Absorption tower and regeneration tower

Optimization and Verification of CO2 Separation and Recovery Equipment

For CO2 separation and recovery equipment, there are requirements such as low energy consumption, equipment miniaturization, and low cost.

CO2 separation and recovery equipment mainly consists of four parts: absorption tower, regeneration tower, regeneration heat exchanger and reboiler.

These requirements are met by optimizing the four main components and process design, and improving thehttps://www.yitan2010.com/what-are-the-key-differences-between-absorption-towers-and-regeneration-towers-in performance of the absorbent liquid.

Figure 2 shows the development, verification and application process of CO2 separation and recovery technology. Scale up from laboratory scale to pilot scale and further to pilot scale while making appropriate use of process simulation and numerical fluid analysis, and reflect the knowledge gained to design real-scale equipment. Among them, the most important one is the verification on the pilot plant installed at Sigma Electric Power Ariake’s Mikawa Power Plant (Omuta City, Fukuoka Prefecture) (output 50MW).

Development, verification and application process of CO2 separation and recovery technology

While making full use of process simulation and numerical fluid analysis, we will expand the scale and apply the developed technology to the actual-scale device design through verification on the Sanchuan pilot plant.

The pilot plant was installed in 2009 and has the ability to process a portion of the power plant’s exhaust gas and separate and recover CO2 at a rate of 10t/day. This pilot plant was used to verify the system performance, actual exhaust gas state, and the impact of impurities contained on the performance of the absorbent liquid, as well as operability, applicability, and maintainability, and the results were applied to a real-scale device⑴.

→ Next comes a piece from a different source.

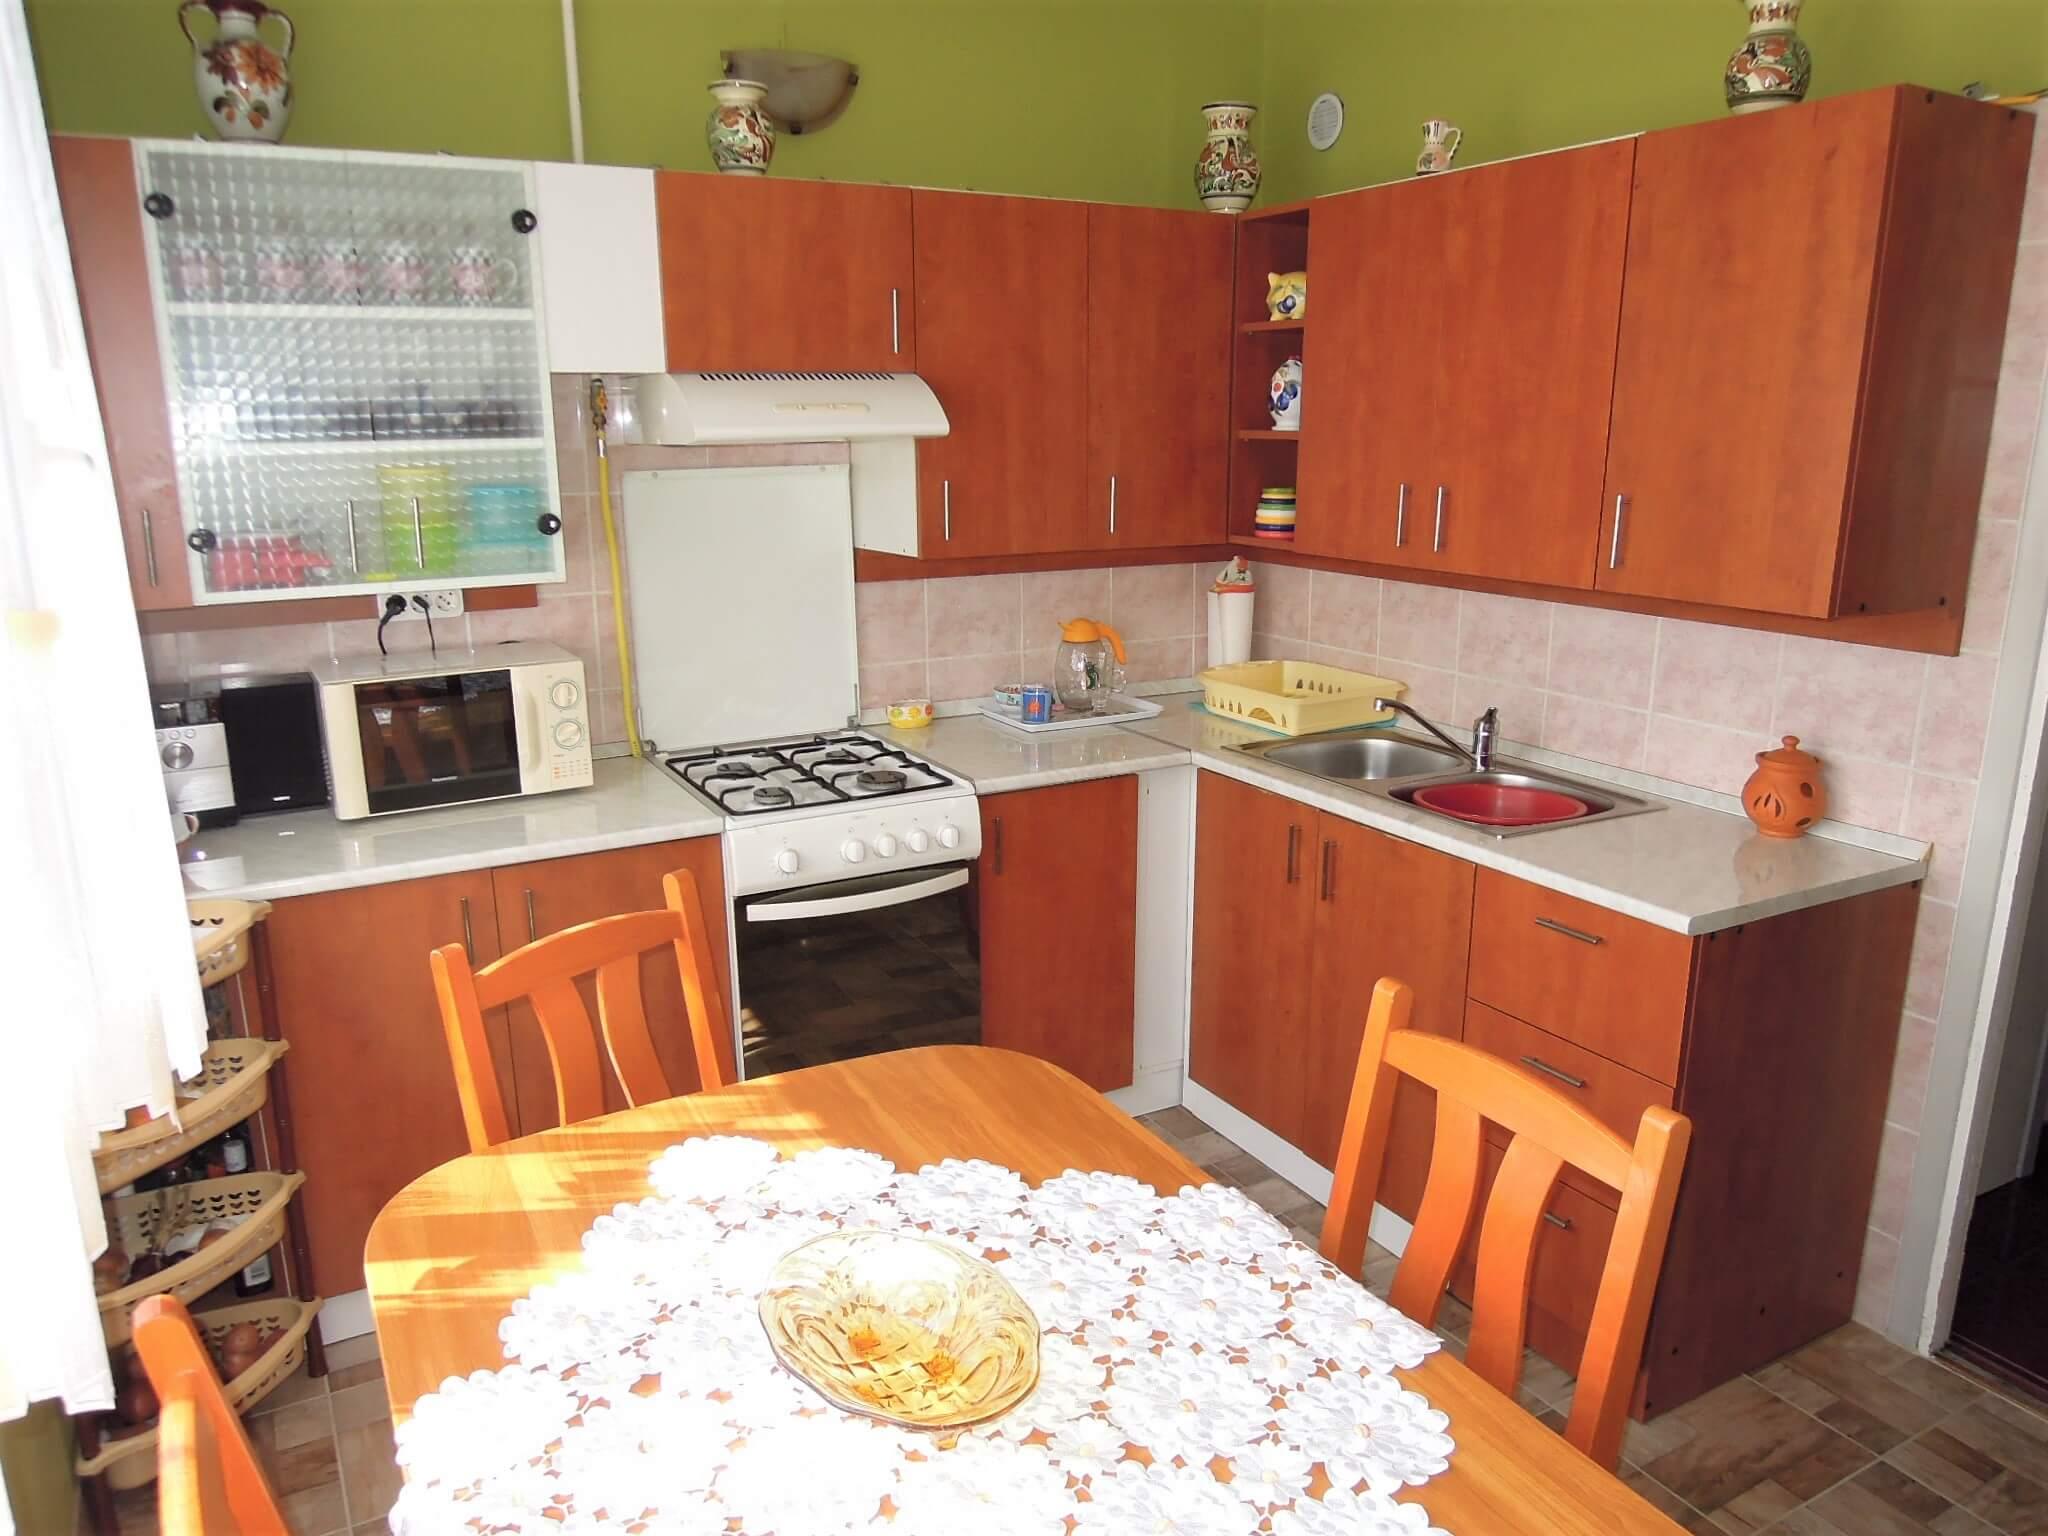 Eladó 1 szobás, 2 félszobás panellakás-Budapest IV-Újpest-http://alacsonyjutalek.hu/ - Megbízható, megfizethető, minőségi ingatlanközvetítő iroda-tel: 36-30-9843-962

For example, in order to supply the heat required for the reaction in the regeneration tower, a part of the steam used for power generation is generally extracted as a heat source. However, when the amount of waste gas to be treated is huge, the heat supply required is also very large, which will lead to a reduction in power generation efficiency. . In order to prevent this, it is necessary to develop an absorbing liquid with smaller reaction heat, adopt a heat recovery process and optimize the design of the regeneration heat exchanger, thereby increasing the recovery heat in the device.

In addition, in the chemical absorption method using an amine-based absorption liquid, the waste gas after recovering the CO2 discharged from the absorption tower into the atmosphere contains trace amounts of amine components derived from the absorption liquid, which may have an impact on the environment. Therefore, on-site surveys of this exhaust gas and development of technologies to reduce the emission of amine components are also being carried out.

CO2 separation and recovery demonstration equipment

Toshiba Energy Systems built a large-scale demonstration facility near the Mikawa Power Plant to separate and recover CO2 from the exhaust gas of the power plant (Figure 3). After the construction started in February 2018, equipment delivery and installation began. After trial operation, it was officially put into use in October 2020 (2). Figure 4 shows the relationship between this demonstration equipment and the Mikawa Power Plant.

The construction and operation of CO2 separation and recovery demonstration equipment were implemented as part of the Ministry of the Environment’s “Environmentally Friendly CCS Demonstration Project,” and the project was adopted by many companies including Mizuho Research & Technology Co., Ltd. (currently Mizuho Research & Technology Co., Ltd.) . In addition, Toshiba Energy Systems is responsible for the design, construction and operation of CO2 separation and recovery demonstration equipment.